The darker the theme of your screen, the less battery it will consume: keep in mind that the phone shows blacks “turning off the light” from behind those pixels.
6. Keep your apps updated.
Some of the updates offered by the apps have to do with battery consumption, so it is recommended to have them updated.
Of course, please take the opportunity to update them when connected to Wi-Fi and try not to do it the day that you will need your smartphone at full capacity for several hours.
7. Use specific apps to save
Although they are not a panacea, for both Android and iOS, several applications perform some of the functions we have mentioned to extend your phone battery.
Battery Doctor is available in both operating systems (Android and iOS) and is quite simple: with a single button, you will disconnect several processes that consume a lot of energy. For Android, Juice Defender is also very successful.

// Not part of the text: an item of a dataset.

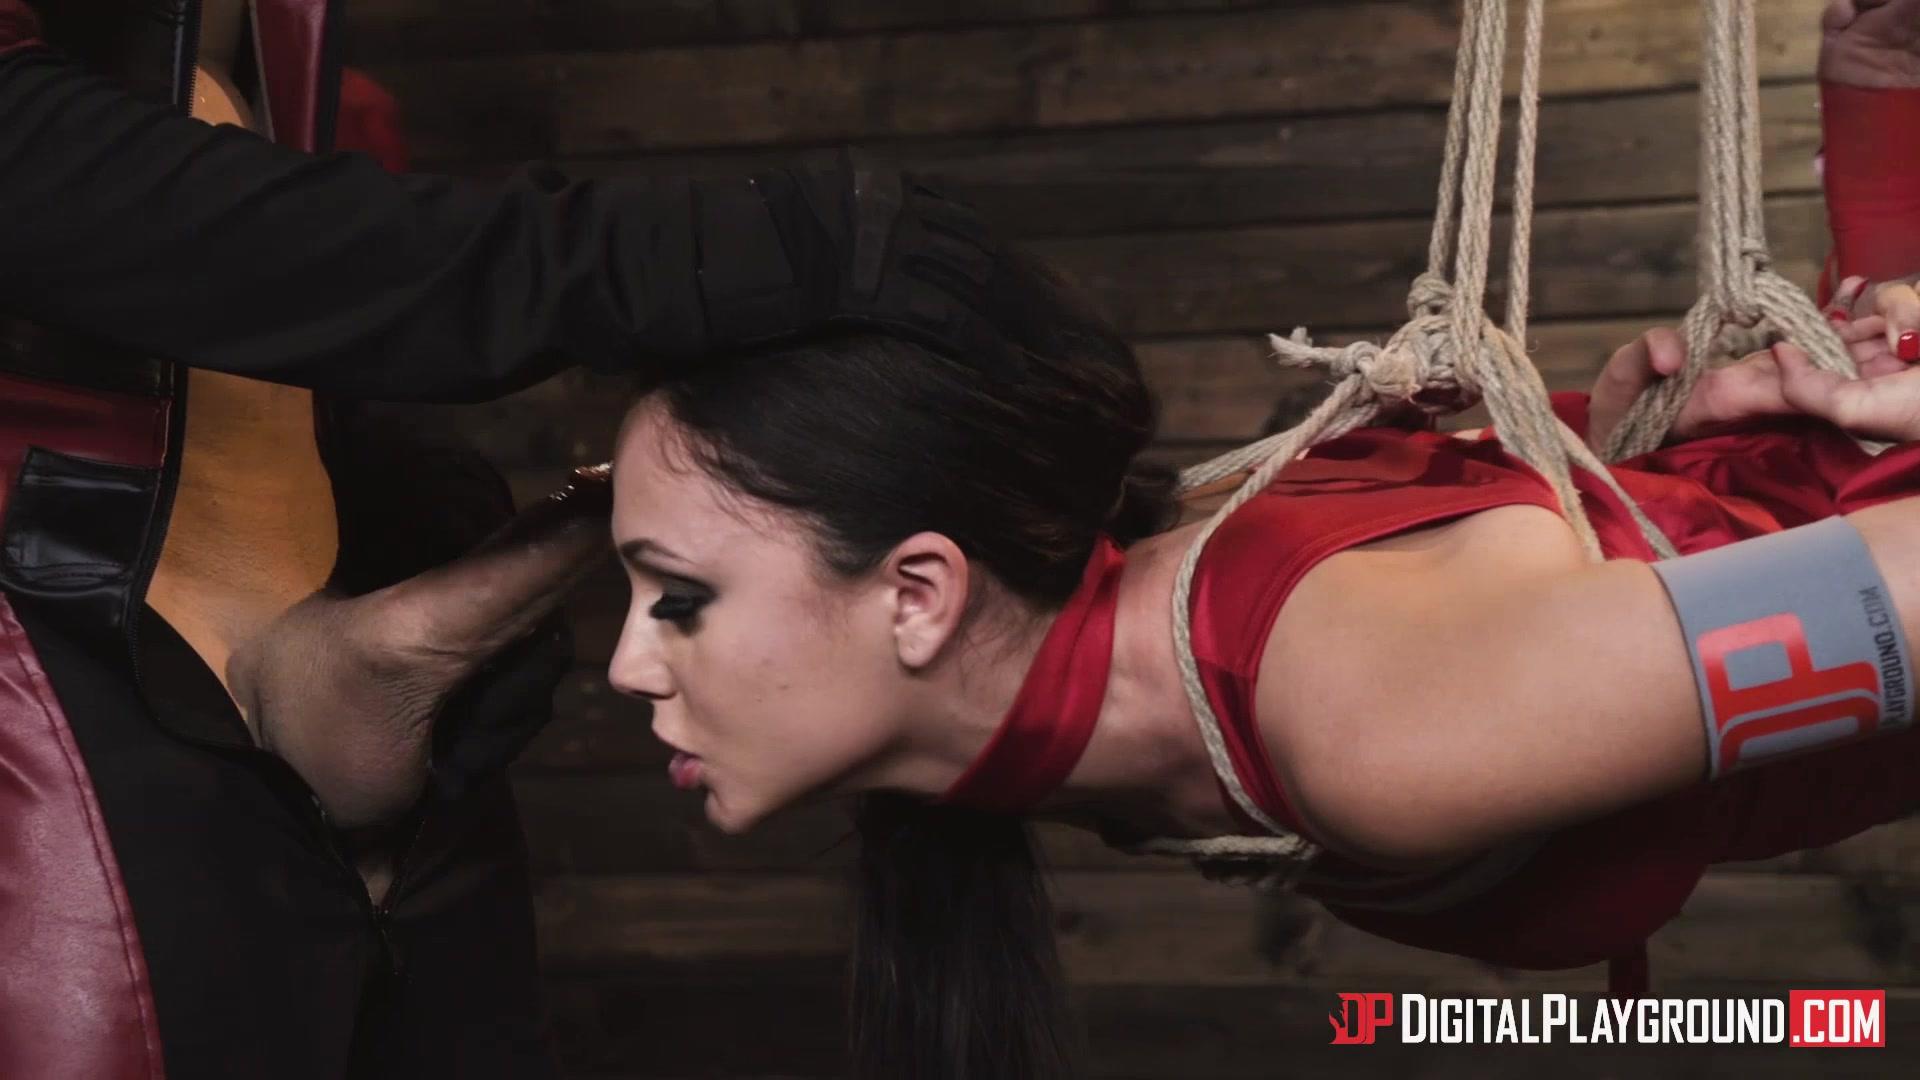 Hot hard boobs fucking sex

8. Disconnect WiFi, data, and Bluetooth
When your battery’s situation is very desperate, or if you know that you are going to need it at the end of the night, it is quite smart to disconnect the services that need the most energy, such as Wi-Fi, data, or Bluetooth.
The most useful thing at Christmas celebrations is usually the photo camera, which does not need to be connected to the Internet, so connect to the network (with Wi-Fi, if possible, or data rate) from time to time, to check the notifications.